There was a small saucepan in the sink, probably the one that Gabe used to warm up the baby’s formula on the old electric stove. I tried to imagine myself at his age. Would I have been so brave and responsible? I hoped so, but, fortunately, I wasn’t tested so young.
Mort came back upstairs. “I turned off the water,” he said. “I couldn’t tell if any pipes were frozen or not. Maybe they’ll get lucky.”
I went to the other bedroom. A larger travel bag was lying on the bed. I was trying to decide if I should take Sonje’s belongings back to the museum, or if I should let the husband come out and get them, when I heard Carol Kramer come through the front door.
I went back out to the small living room. Carol’s eyes were red and her shoulders sagged. She gave me a nod, said hello to Mort, and went to an overstuffed chair. She almost fell into it. She didn’t speak for a moment, but sat there, slumped over, looking like she wasn’t sure she’d ever get up again.
Carol is a small woman, 5’5” or so, and underweight. She wore a long gray quilted winter coat, and she didn’t take it off. It was too cold for that. Her dark eyebrows were scrunched together in the middle, accenting the deep vertical lines on her forehead. She’s blond, but it isn’t natural. She’s in her early forties, but she looks older. I didn’t know her well, just enough to say ‘hi’ when we met on the street. She’s a part-time teacher’s aid at the elementary school.
I sat on the end of the couch near her chair, careful to feel for broken springs first. Mort flopped down on the other end and put one leg on his knee.
“Tell me what happened,” she said, looking at the worn rag rug on the scuffed wooden floor. “She was fine when I saw her yesterday.”
“We don’t really know yet,” I said. “Not really. I found her body out on that vacant piece of land at the end of the river walk, the Webb land, early this morning.”
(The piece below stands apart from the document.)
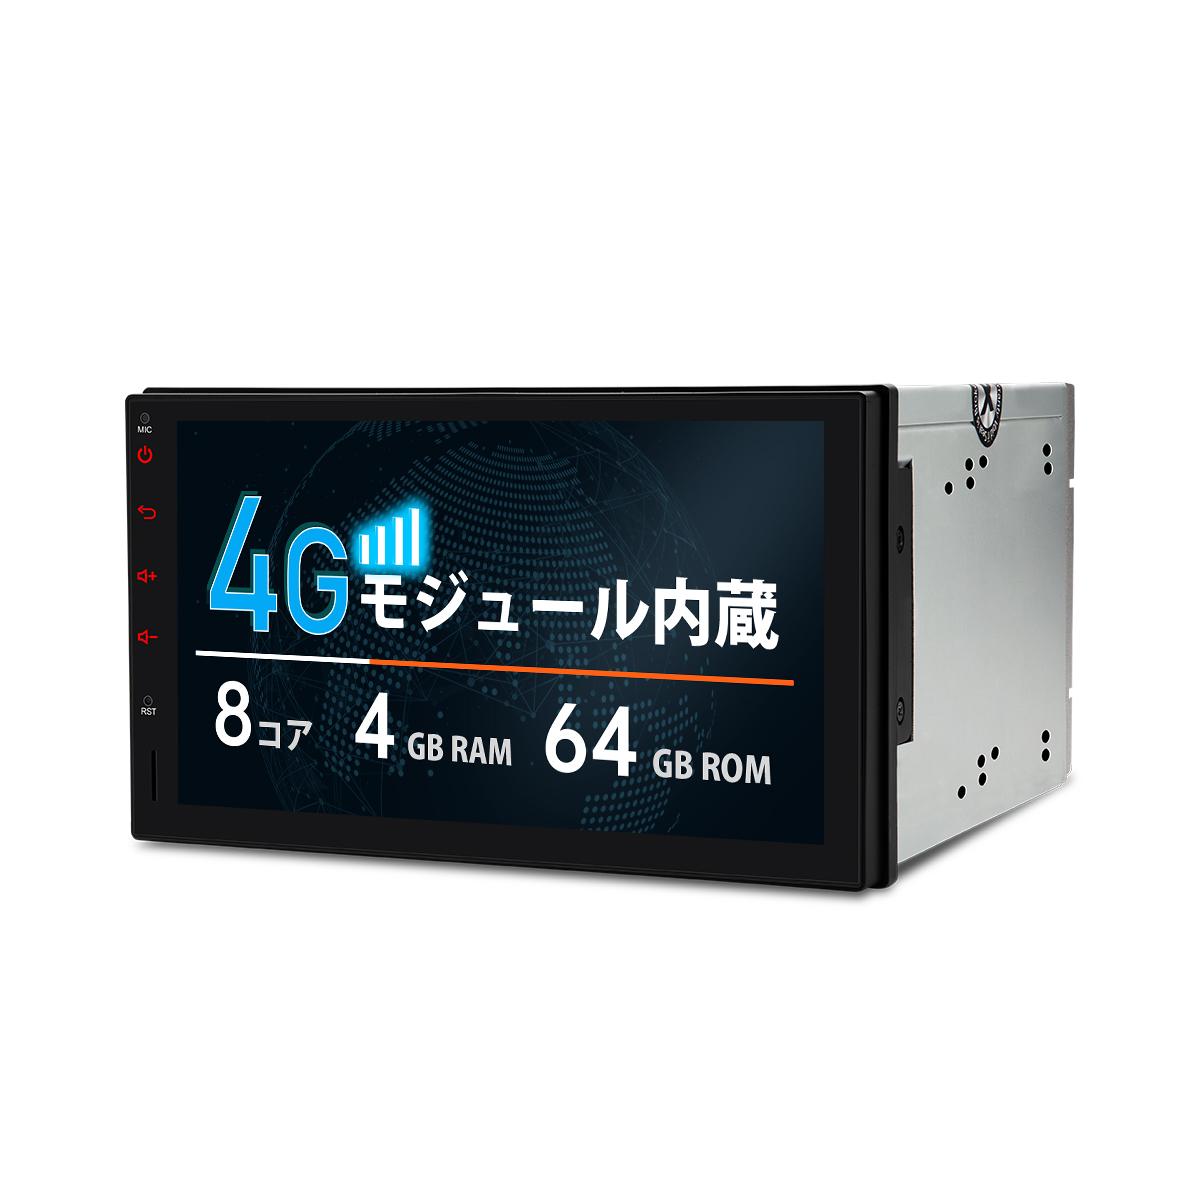 4G LTE通信モジュール内蔵 Carautoplay機能搭載カーオーディオ XTRONS カーナビ 4G通信対応 2DIN 8コア Android10.0 車載PC 7インチ auto対応 4GB+64GB WiFi カーオーディオ Bluetooth android SALE開催中 TMA701L iPhone対応 DSP マルチウインドウ 未使用品

“What on earth would she be doing out there?”
“We have no idea,” I said.
Mort asked if she knew of any history the woman might have with that abandoned corn field. “The high school football field backs up against it, on the north side. Maybe something happened in the past that would make her think of that place?”
Carol shook her head, confused by the question. “I don’t …” She looked at me. “And why were you out there? How did you find her?”
“My dog found her. She was covered with last night’s snow. I recognized her from yesterday, at the the diner. I called Mort and the emergency crew. When her boy saw the fire truck, he followed the men down to the river.”
She sat up straight. “What? The children were here? I didn’t know she was bringing the children. I talked to Mark a few days ago, and he said the family talked her out of bringing them.”
“Gwyneth didn’t mention the children to you at all when you talked to her yesterday at the diner?”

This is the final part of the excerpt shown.